I decide to phone Doug, Evelyn’s brother. Doug was a football buddy of mine from my college days. He introduced the two of us at a mutual friend’s wedding. Two years later, he was best man at our wedding.
          Doug picks up after two rings and greets me with a jovial, “Hey, George!”
“Good morning, Doug. This might sound like a strange question, but have you seen Evelyn?”
After a delayed response, he simply replies, “No.”
“I haven’t seen her since last night, I think. I might have had another blackout.”
“I thought you had those under control.”
“Apparently not.”
“I haven’t heard from her,” Doug assures me. “If I see her or hear from her, I’ll let you know.”
“Thanks, Doug. I appreciate it.”
The door slams as the receiver clicks and Evelyn peeks her head into the kitchen. She glares at me disapprovingly. “Come back to gather your stuff?” I ask.
“I cleaned up the mess in the bathroom,” Evelyn says, almost seething. “Who was it this time? You know what, don’t even tell me. I don’t want to know the sick details. And don’t give me any of that crap about not remembering. I’m tired of the blackouts and the lies and bullshit excuses.”
“What in God’s name are you saying? Are you implying that I’m having some sort of an affair?”
“You’re so clueless,” she says, swatting away the flies that buzz around her face. “Wonder where all these flies are coming from? Check the crawlspace, George. You’ll know the truth then.”
She retrieves her luggage and leaves in a flash. Not even a stick of lipstick or a pair of earrings remains. You’d never even know Evelyn Hartman existed.
I head for the utility closet and yank the wood panel from the crawlspace. A swarm of flies come buzzing out and the stench that emanates makes me gag like a punch to the throat. I feel sick, dizzy. White spots of light obscure my vision, preventing me from seeing beyond the square frame of the crawlspace. My eyelids flutter, the air grows thin. I think I’m blacking…
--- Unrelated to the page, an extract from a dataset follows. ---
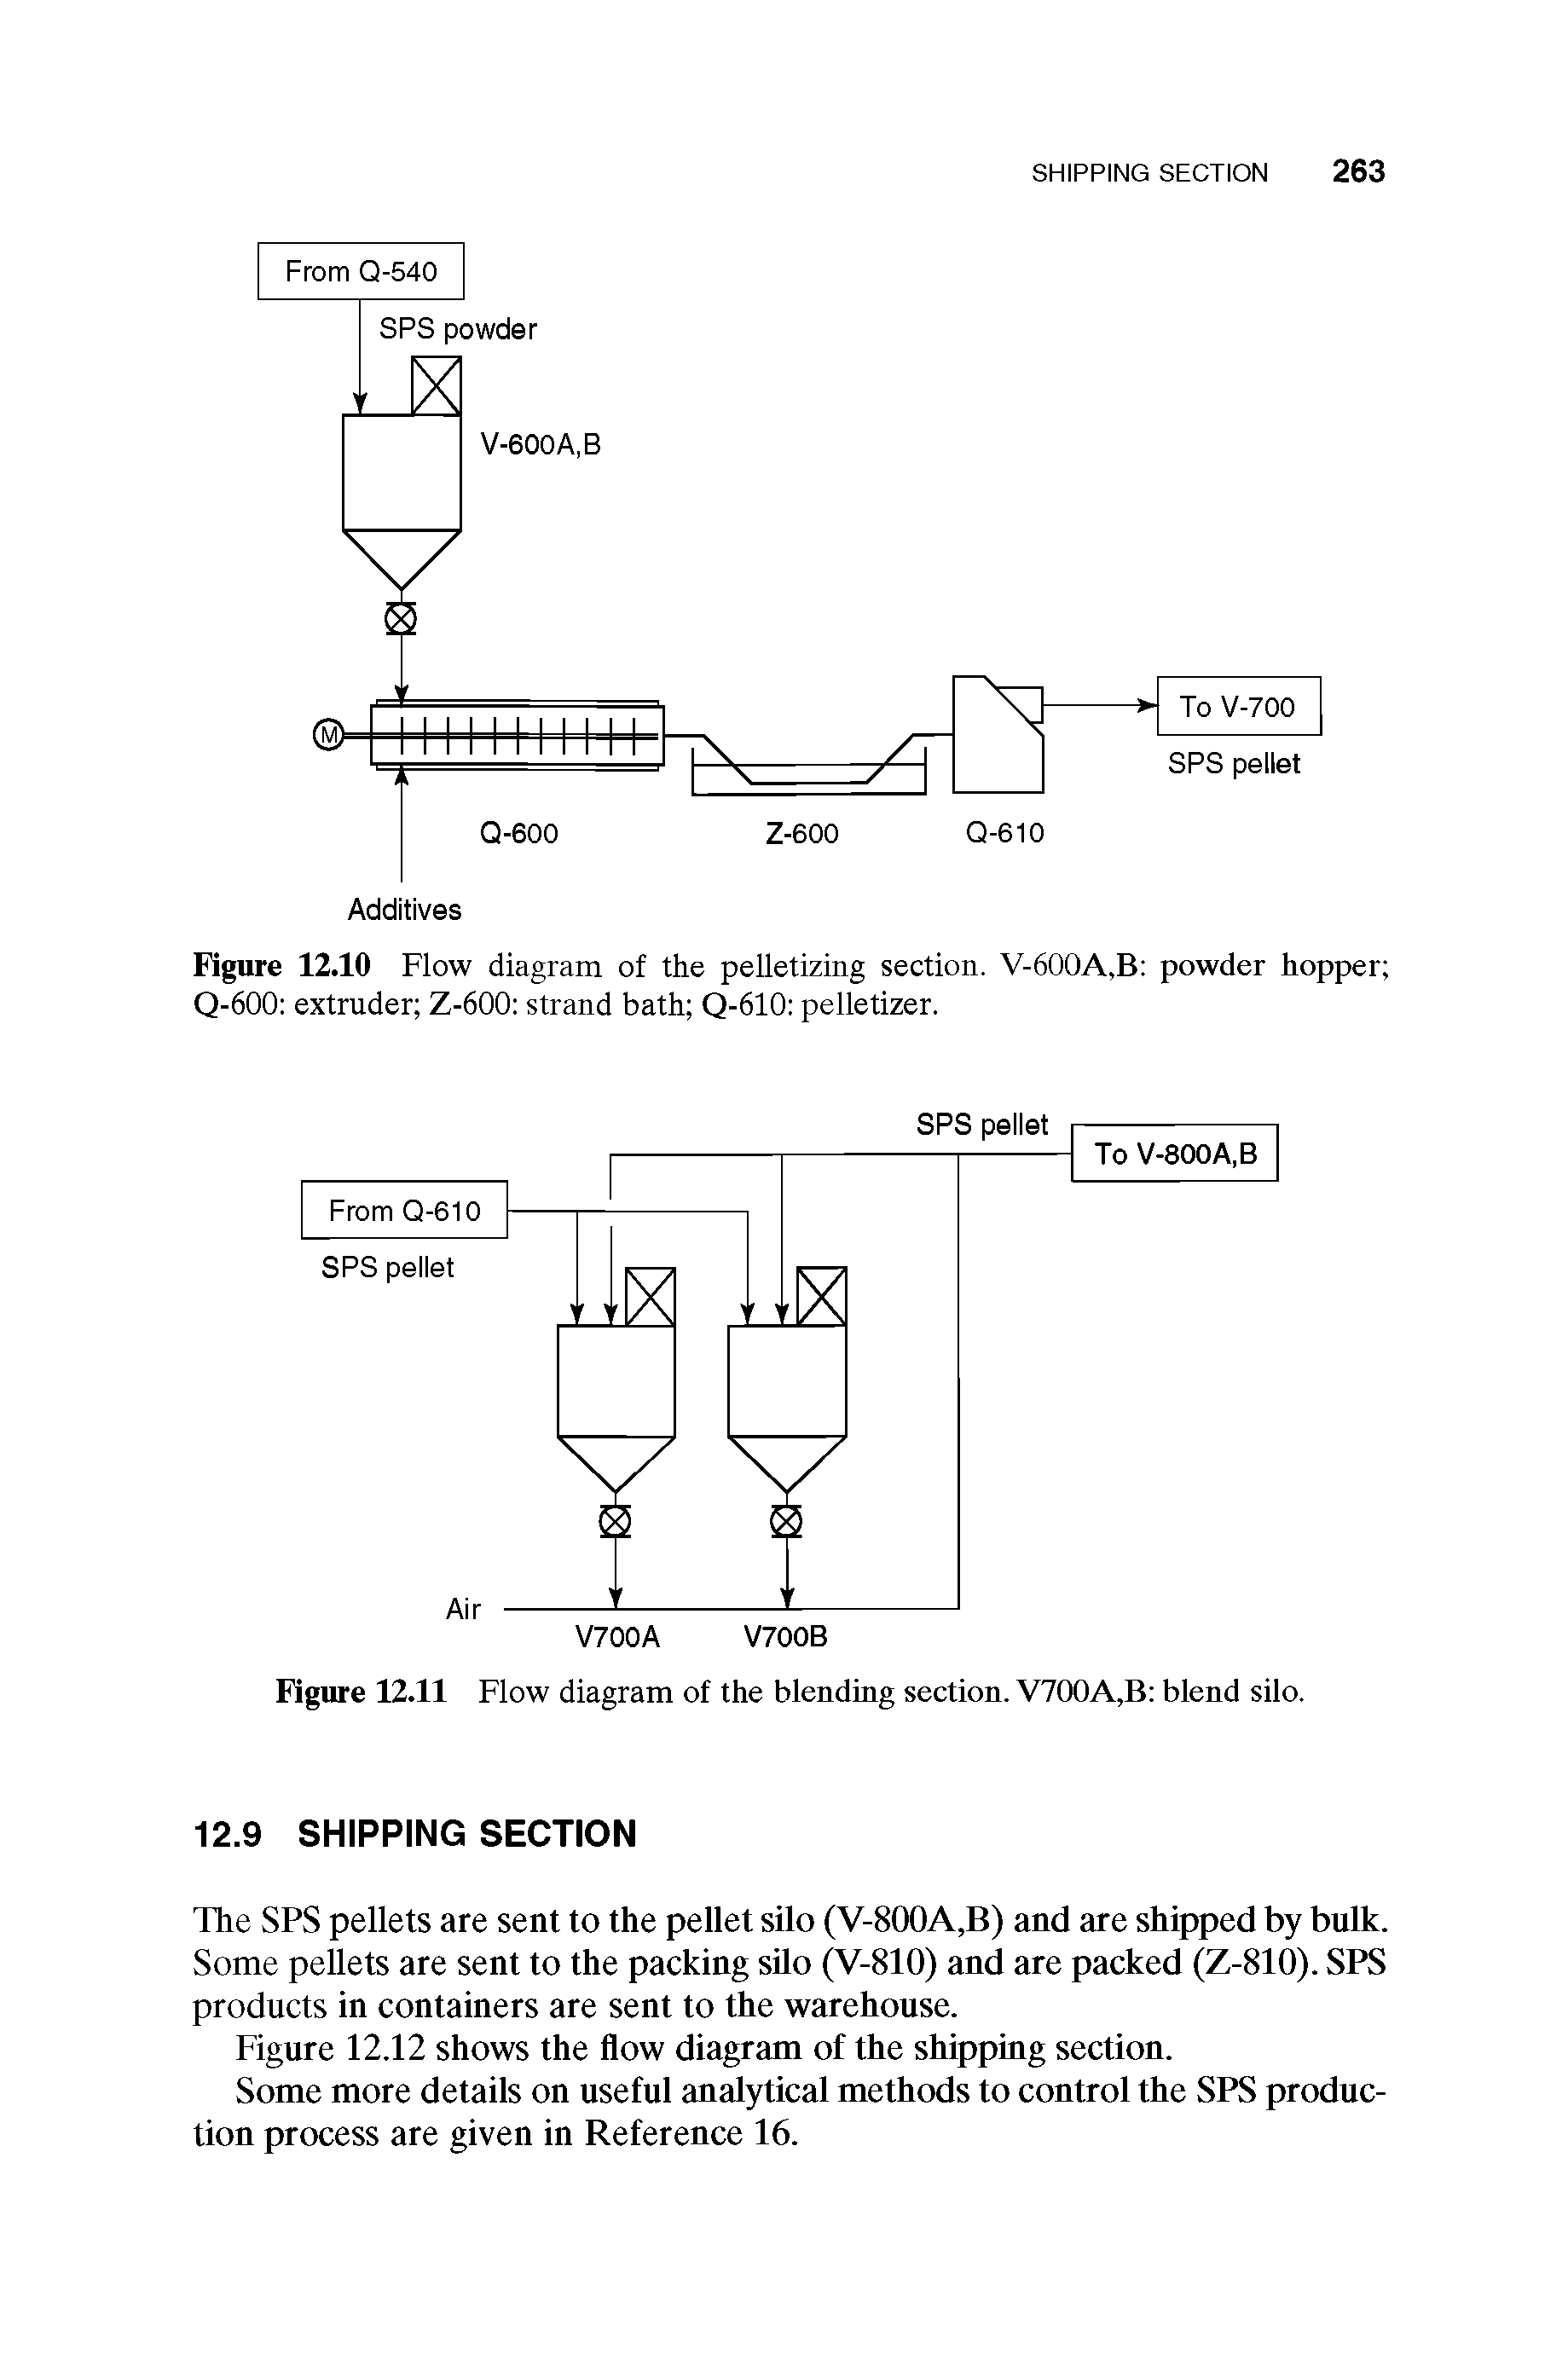 Figure 12.10 Flow diagram of the pelletizing section. V-600A,B powder hopjrer Q-600 extruder Z-600 strand bath Q-610 pelletizer.

Oh, George. Sweet, gentle George. That’s it. Stay in the dark. Don’t bother checking the crawlspace. It will be cleared out by this evening. Any minute now, the cops will be towing a car out of the river. The local news will report another missing girl. By tomorrow, it will be two missing girls. I’m sorry but Evelyn has become a liability. As your better half, I can’t allow her to send you to prison, George. I must deal with her so I can carry on my work. Don’t fret, you won’t remember a thing. It’ll be just like the old days.